DATA EXTRACT START
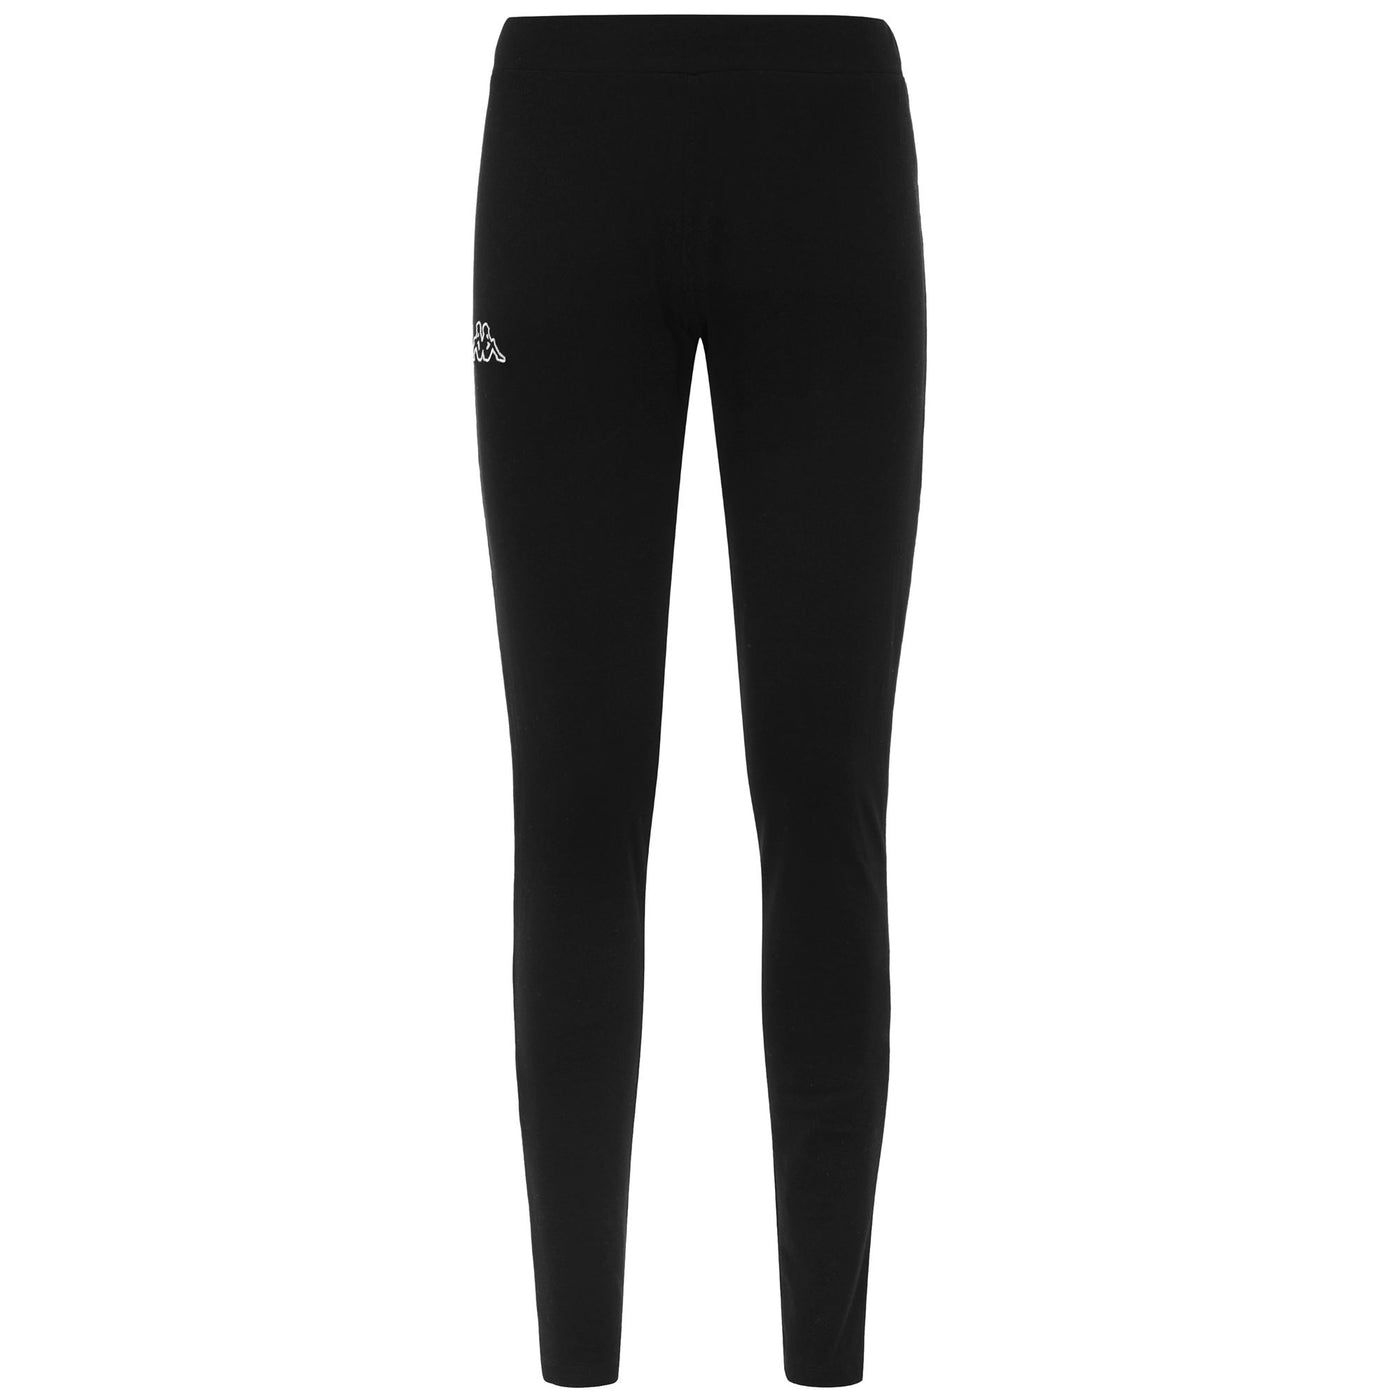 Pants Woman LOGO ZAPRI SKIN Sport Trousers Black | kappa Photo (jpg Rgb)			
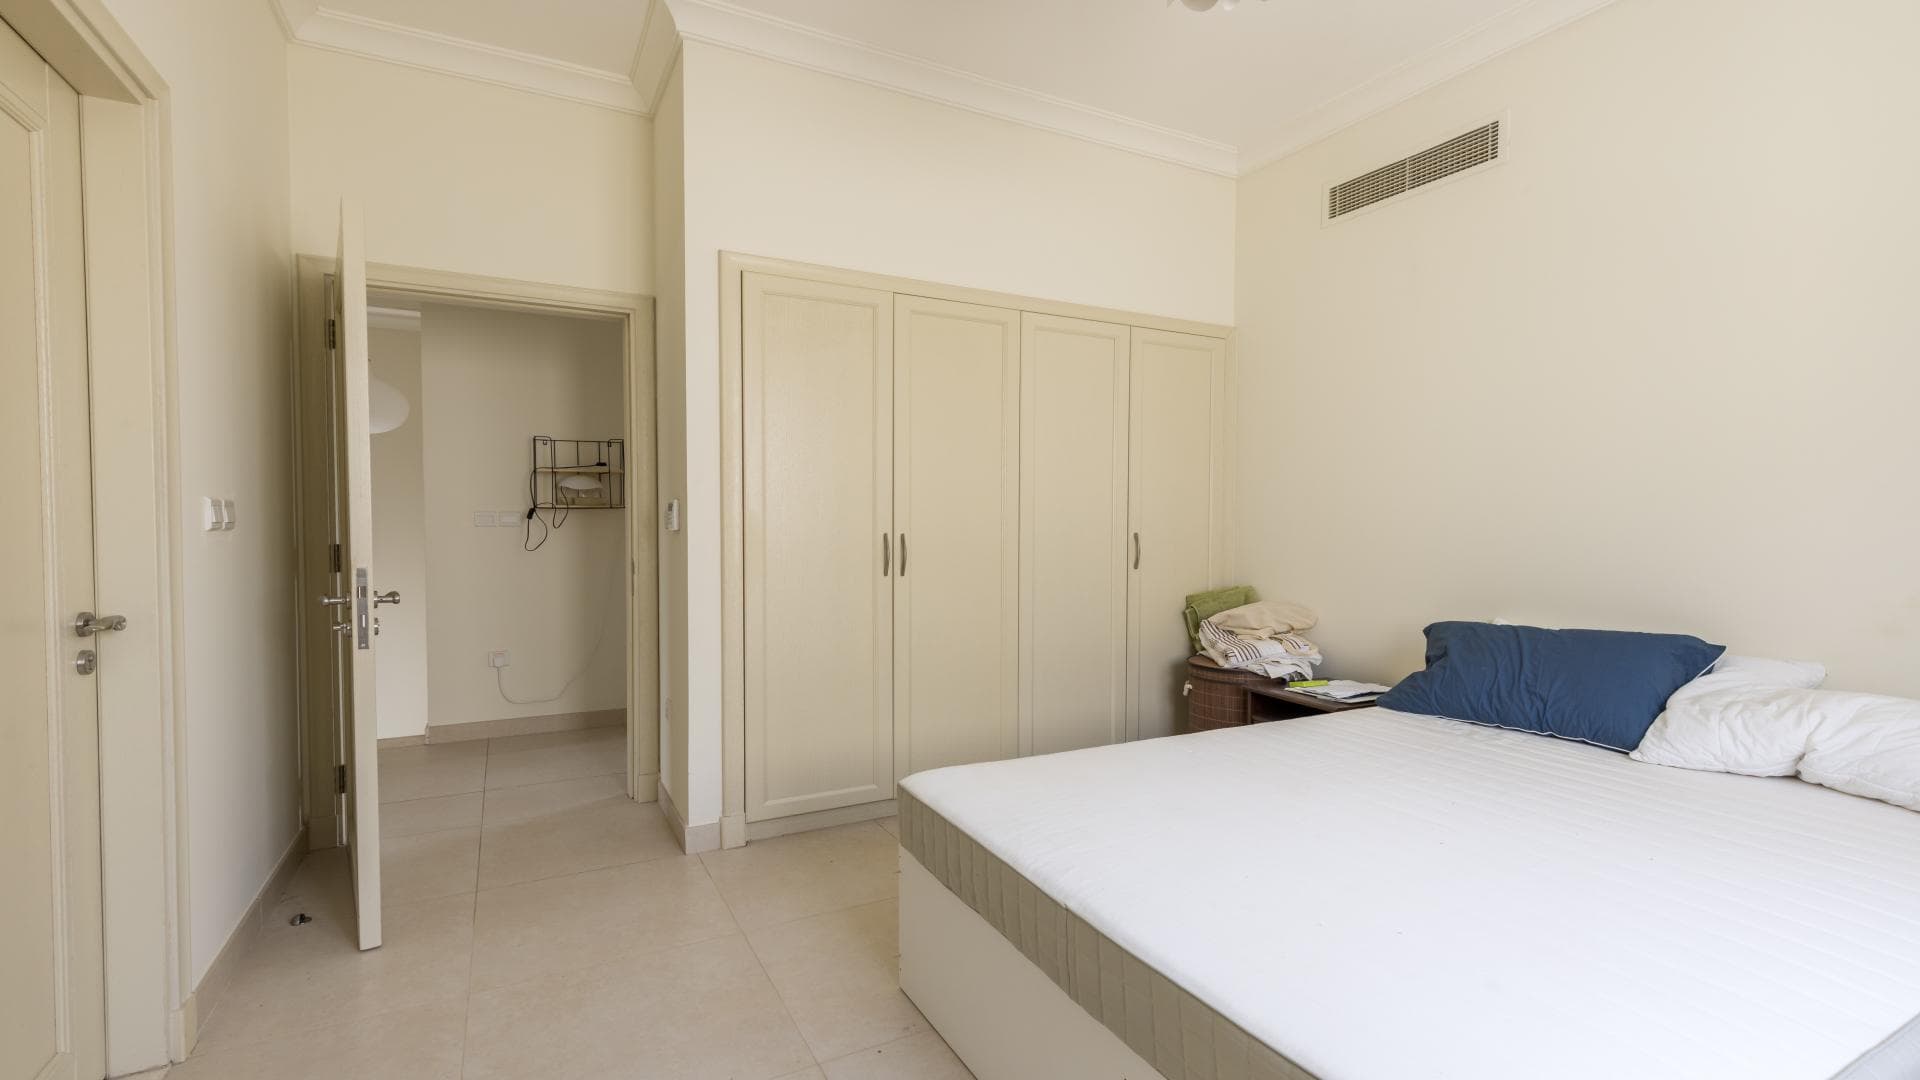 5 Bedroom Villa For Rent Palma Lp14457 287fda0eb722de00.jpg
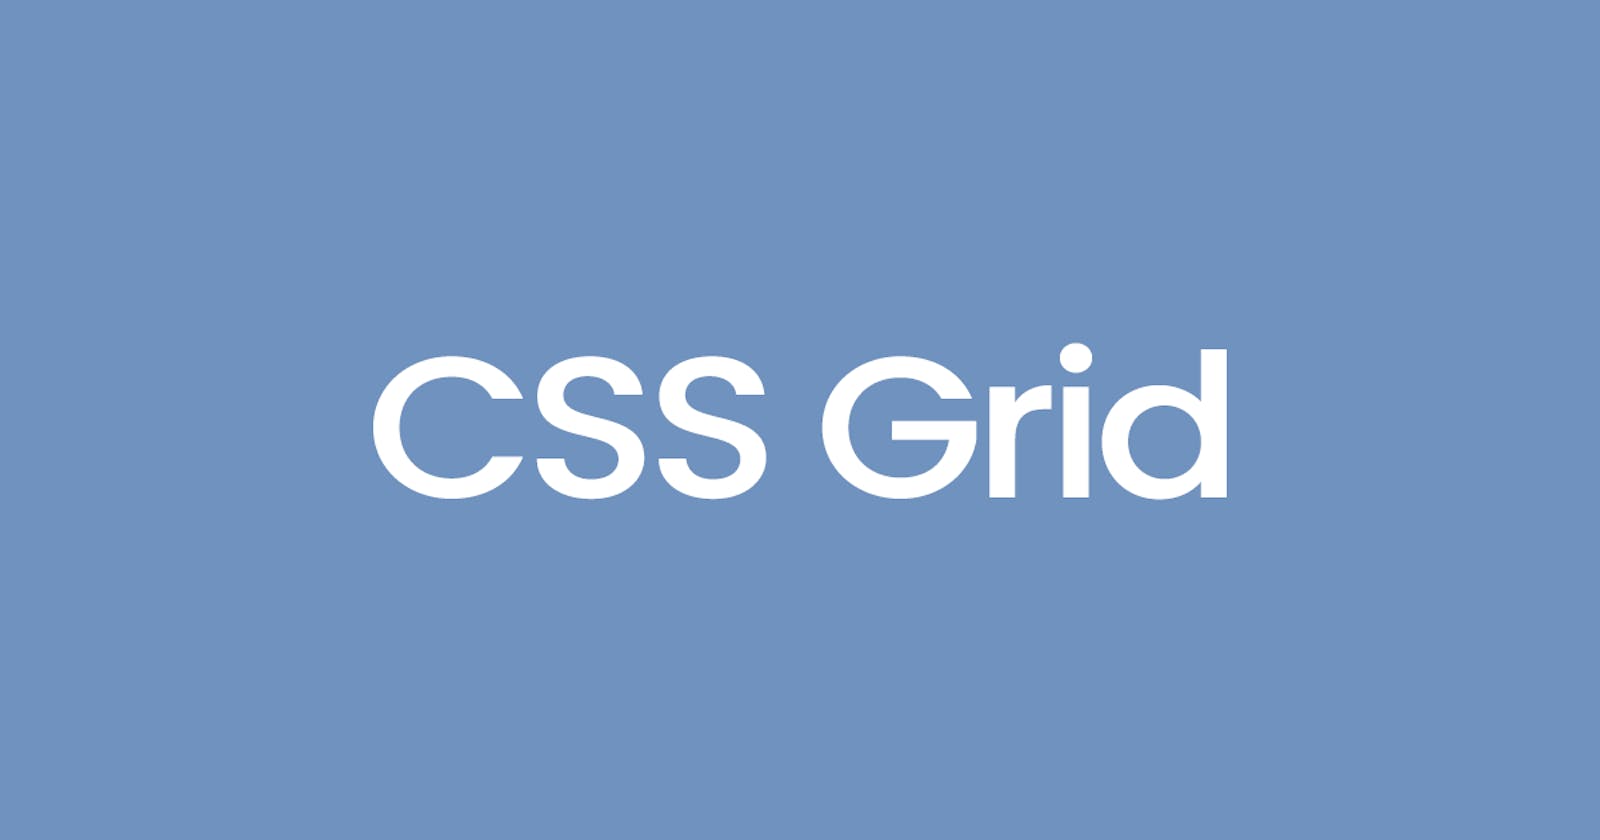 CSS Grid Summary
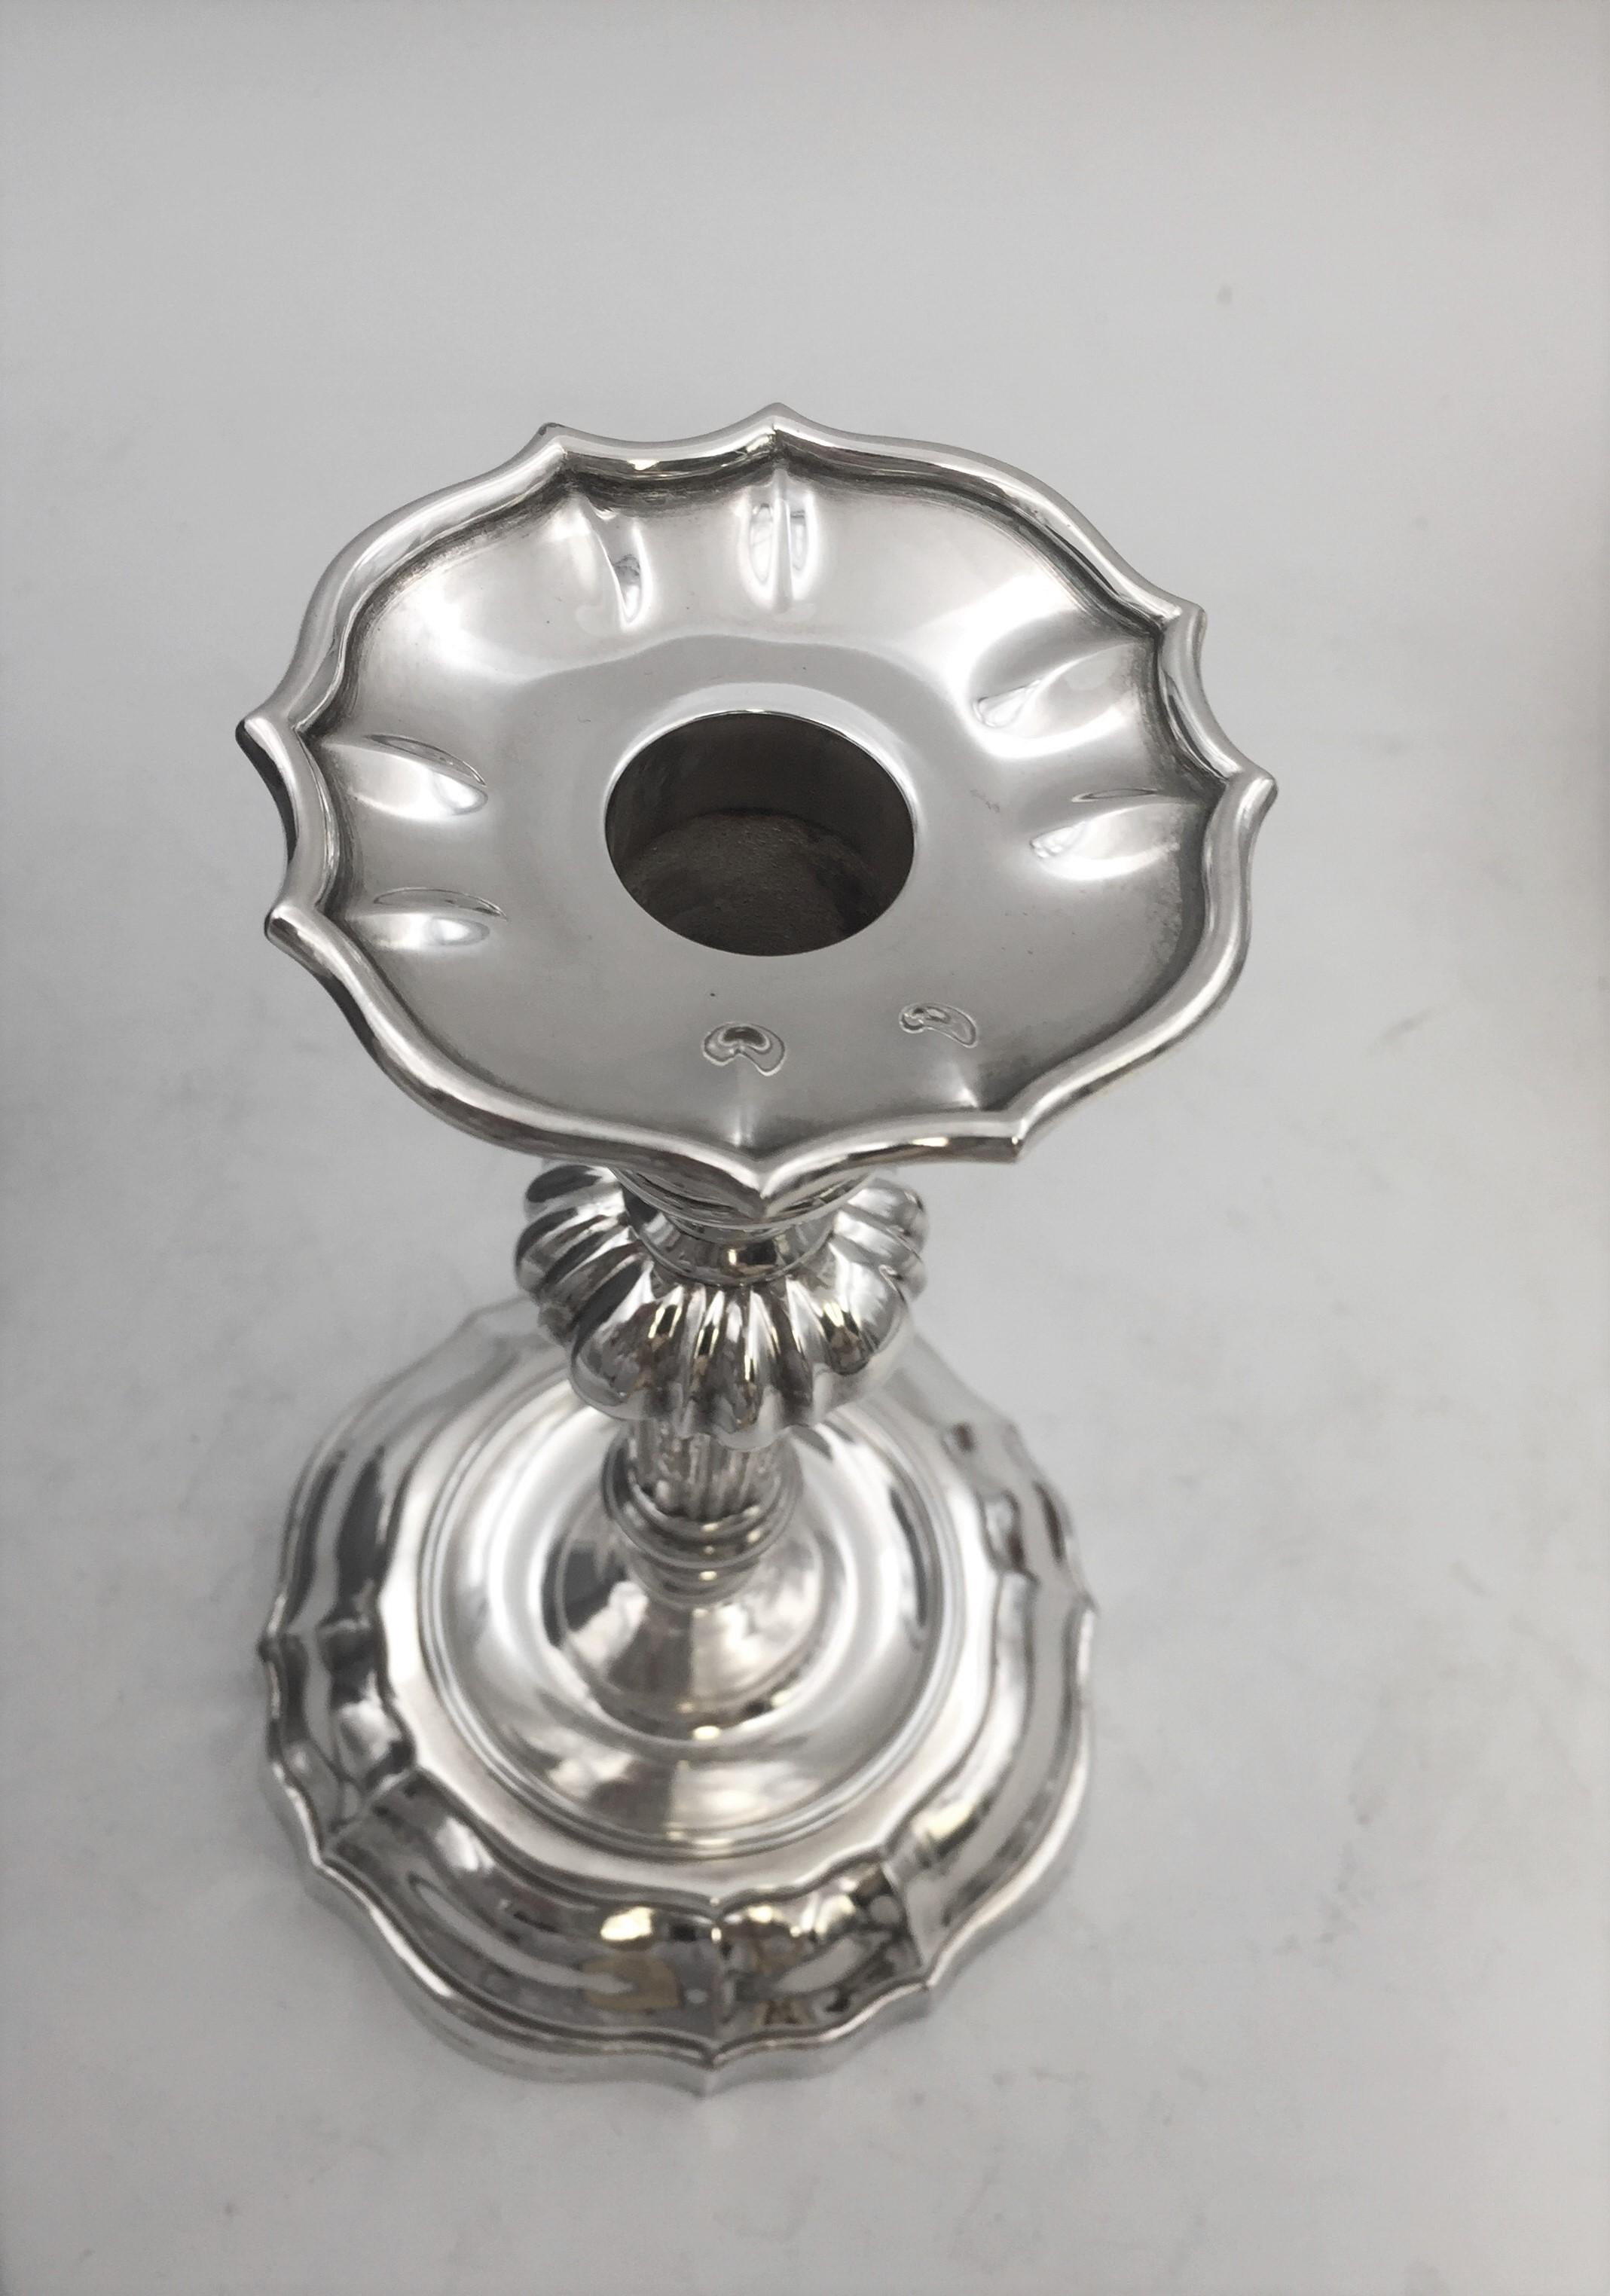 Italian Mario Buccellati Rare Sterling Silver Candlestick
DATA EXTRACT END
YOUR TASK :: Set down the data again, exactly, without images.

FINISHED TASK ::
 Pants Woman LOGO ZAPRI SKIN Sport Trousers Black | kappa Photo (jpg Rgb)			
 5 Bedroom Villa For Rent Palma Lp14457 287fda0eb722de00.jpg
 CSS Grid Summary
 Italian Mario Buccellati Rare Sterling Silver Candlestick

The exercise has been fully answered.